House and Home June 2017
No Space? Try Container Gardening
Photo: Brebca - Adobe Stock Photo

The beauty of container gardening is that it doesn't require a lot of space to get great results. Many different types of plants such as annual and perennial flowers, vegetables, and herbs can be successfully grown in the smallest corners of patios or balconies. All that's needed is an area that provides about five hours of sunlight a day.

Choosing a Container
An important part of container gardening is, of course, the container. Avoid small containers or ones that have narrow openings. Plastic or terra-cotta pots with predrilled drainage holes that are sold in gardening and home centers are a great choice for container gardening. Wooden containers made from untreated lumber can be used as well, but avoid using containers made from treated lumber because the harmful chemicals can leach into the potting mix.

Choosing Potting Mix
Plants grown in containers have to be treated a little differently than plants grown in the ground.
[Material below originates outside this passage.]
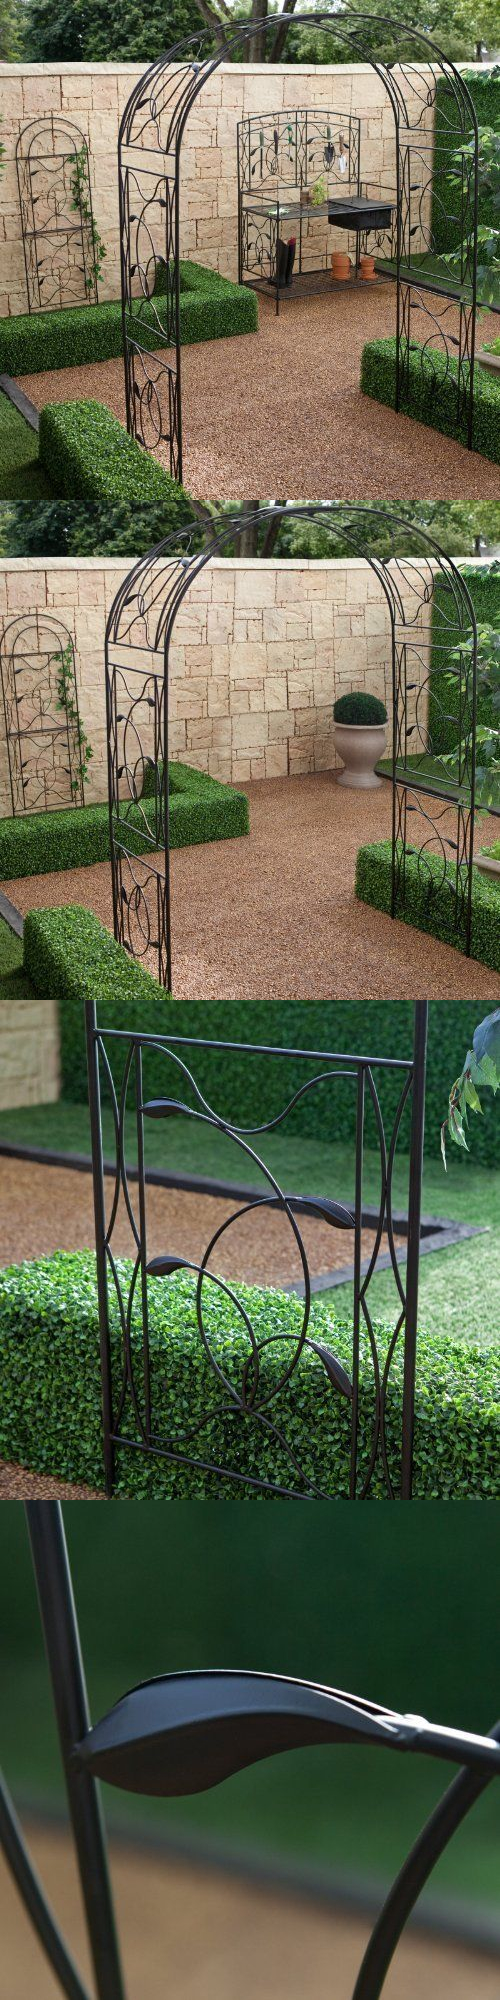 Arbors and Arches 180993: Patio Garden Decor Backyard Weddings Yard ...
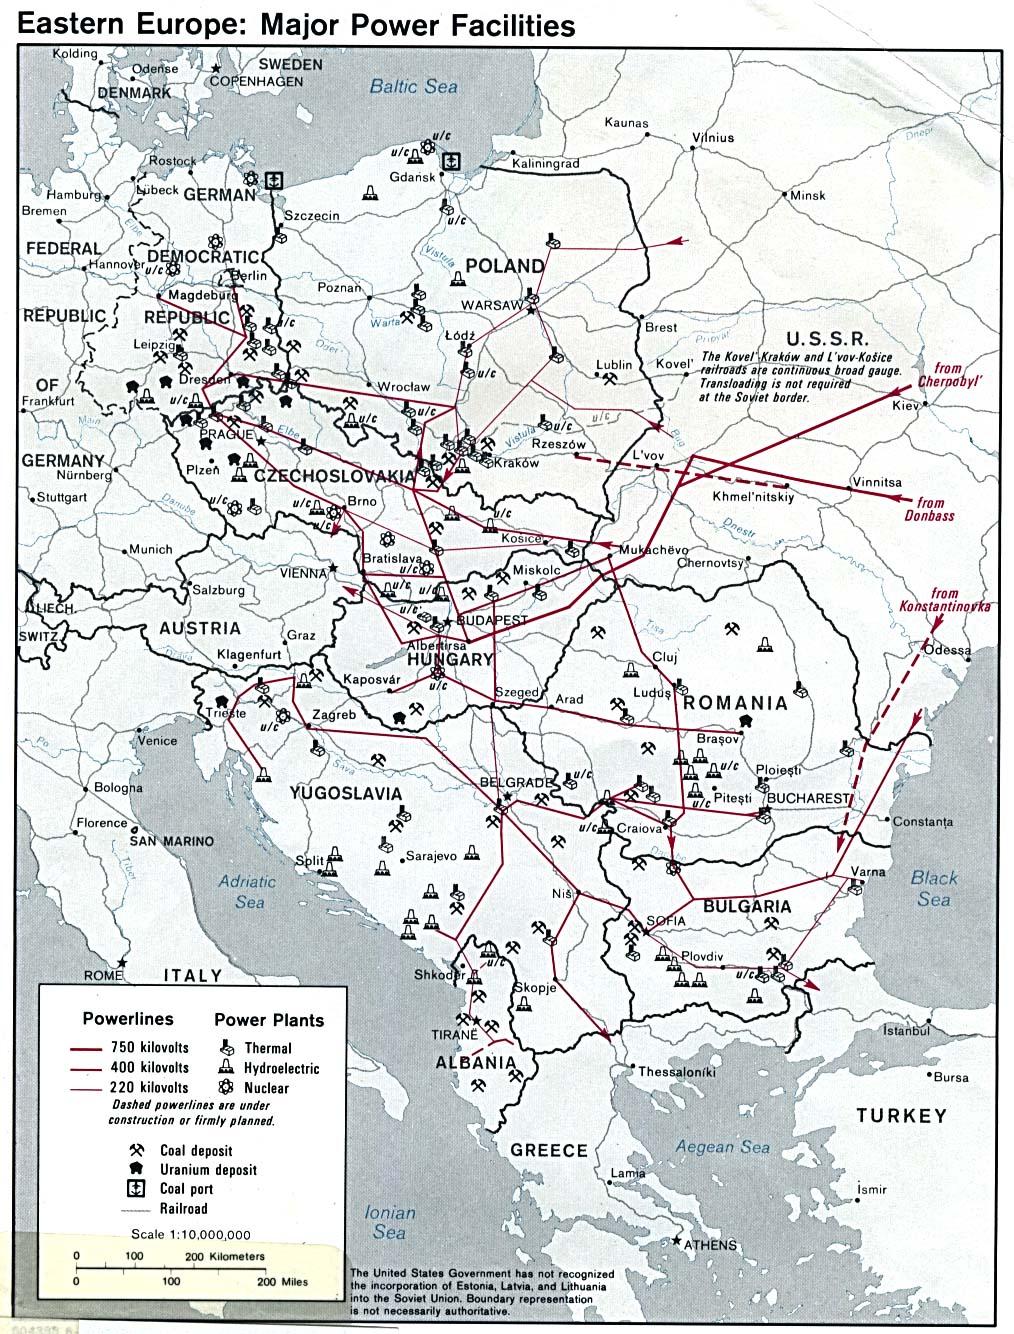 Eastern Europe major power facilities 1980

The smaller amount of soil in the container limits the nutrients available to the plants, and the soil must be well drained and remain loose to encourage root health. For this reason, it's best to avoid regular garden soil because repeat watering will cause the soil to become hard and compacted. The best product to use for container growing is a peat-based artificial soil that contains perlite or vermiculite additives for drainage.

Fertilizing Container Plants
Even when using the best potting mixes, plants in containers will need additional fertilizer. The rapidly growing plants quickly absorb the nutrients from the potting mix, and the necessary frequent watering will wash away nutrients. In general, liquid fertilizer applied once every two weeks is enough to keep plants healthy.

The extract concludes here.